What we can learn from disaster fundraising

Author: Andy Beeforth

Andy Beeforth, Trustee at the National Emergencies Trust and CEO of Cumbria Community Foundation, shares five key lessons from Nottingham Trent University’s independent evaluation of the Trust’s £100m Coronavirus Appeal.

Five days before the UK first went into lockdown, the then fledgling UK disaster response charity, the National Emergencies Trust launched its first ever fundraising appeal. The Coronavirus Appeal was activated on 18 March 2020 to support people across the UK affected by the pandemic. Within weeks it had raised nearly £100million for those in need.

The first £2.5million from the Appeal was distributed five days later to UKCF and its network of 47 Community Foundations UK-wide. In the months that followed, £79million would support nearly 15,000 grassroots projects through that network, with further funding supporting the work of ten national charity partners.

For 18 months a group of researchers from Nottingham Trent University shadowed Trustees and team members and spoke with charity partners and beneficiaries. Their brief was to learn live about processes, decisions and impacts so that the worst happens again, we can do the best job.
What they learnt deserves to be shared because it validates what many of us in the charity sector have experienced in the last two years and apply outside of disasters. So, this is my liberally abridged take on key findings, but I do urge you to read the full report .

1. Flexible, trust-based giving is vital, especially during disasters
A broad, flexible funding criteria gave power to grant-makers to apply their specialist knowledge as they saw fit for their communities– and this trust-based approach proved pivotal to the Appeal’s success. It meant community foundations like mine could get funds to grassroots groups within days of receiving them – in Cumbria as early as 6 March. This flexible, trust-based approach to funding should be the sector norm and not the exception, especially during emergencies. It took a pandemic to show that the model works, now we need funders to maintain that momentum.

2. Empower lived and local experience in decision-making, up and down stream

The evaluation praises the flexible model for enabling fast, impactful distribution by community foundations but also points to the Trust’s growing network of charitable partners – from community foundations to national charities and consortia – as a valuable source of intelligence for overall funding strategy. While local and national partners presented ad-hoc insights during the Coronavirus Appeal, researchers propose formalising this lived and local input for future emergencies as a way to further enhance the approach.

It’s a recommendation that resonates with my own experience. During flood appeals, for instance, Cumbria Community Foundation is ideally placed to provide strategic insight. We’ve experienced three major floods since 2005 and are highly proficient in data-gathering; both picture-building and the ‘proof of reach’ needed to satisfy donors.

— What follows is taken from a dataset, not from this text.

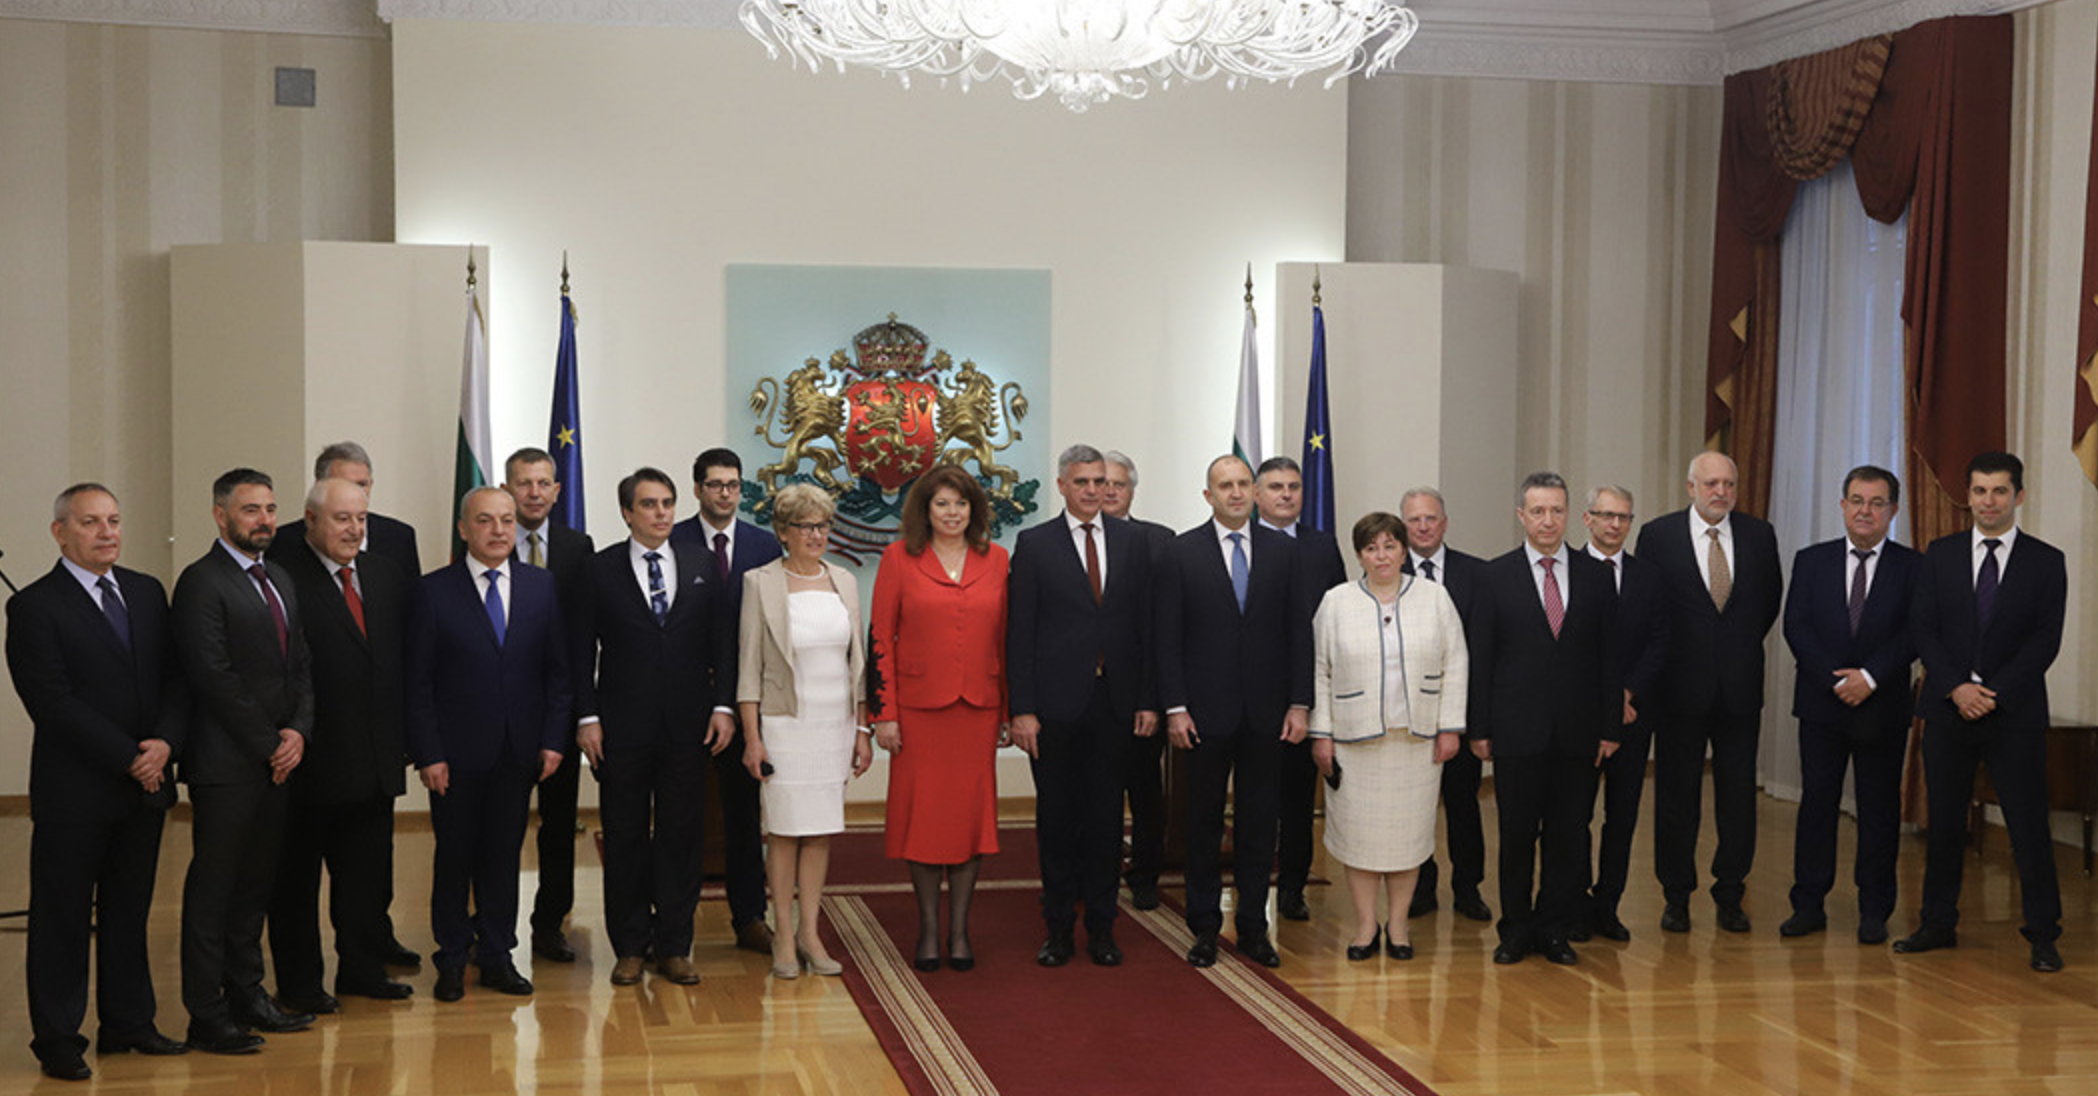 Βουλγαρία: Ορκίστηκε η υπηρεσιακή κυβέρνηση ενώπιον του Προέδρου Radev

3. Focus on purposeful data collection

Information is power – and data is critical to sound decision-making. But during disasters, data collection can also weigh heavy on those responsible for it. The Coronavirus Appeal evaluation points to the clear picture created by quantitative and qualitative data points which helped to shape ongoing strategy. But it also points to opportunities to streamline this further for future appeals: to create evaluation frameworks now before they are needed that will ensure every single data point or case study serves a clear purpose and intersectional needs can be identified.

4. Immediate response versus longer-term recovery

During disasters, the immediate support for those affected is, understandably, a key focus. But as I know too well from flood experiences, longer-term recovery is critical too; and too often critically under-funded. Nottingham Trent’s researchers point to the steps the National Emergencies Trust took to take account of the pandemic’s long-tail: the flexible funding criteria that enabled grants to cover core costs, and follow-up grants to projects to fund recovery efforts. Looking to future appeals, the evaluation proposes the Trust continue to build ‘recovery’ into the overall funding strategy, where funds allow: a lesson that feels equally applicable to sector peers.

5. The ‘Network of Giving’

Lastly, Nottingham Trent researchers highlight the “Network of Giving” that emerged during the Covid-19 pandemic and the additive, co-ordinating role the Trust played within that eco-system. They point to the value of a collaborative, cross-sector approach to disaster relief where information is shared, the risk of duplication reduced and ‘hidden needs’ are far less likely to go unnoticed. It’s a recommendation that has the full support of the team and Trustees because it describes why the Trust was created: to offer people one, trusted place to give when the worst happens – and to share out the funds raised efficiently and equitably to those in great need. I hope that our ongoing efforts to make friends before we need them, means we can keep making this ambition a reality.

As we head into what is sure to be a tough winter for many, we should all be thinking hard about these lessons and how we can apply them to confronting the cost of living crisis.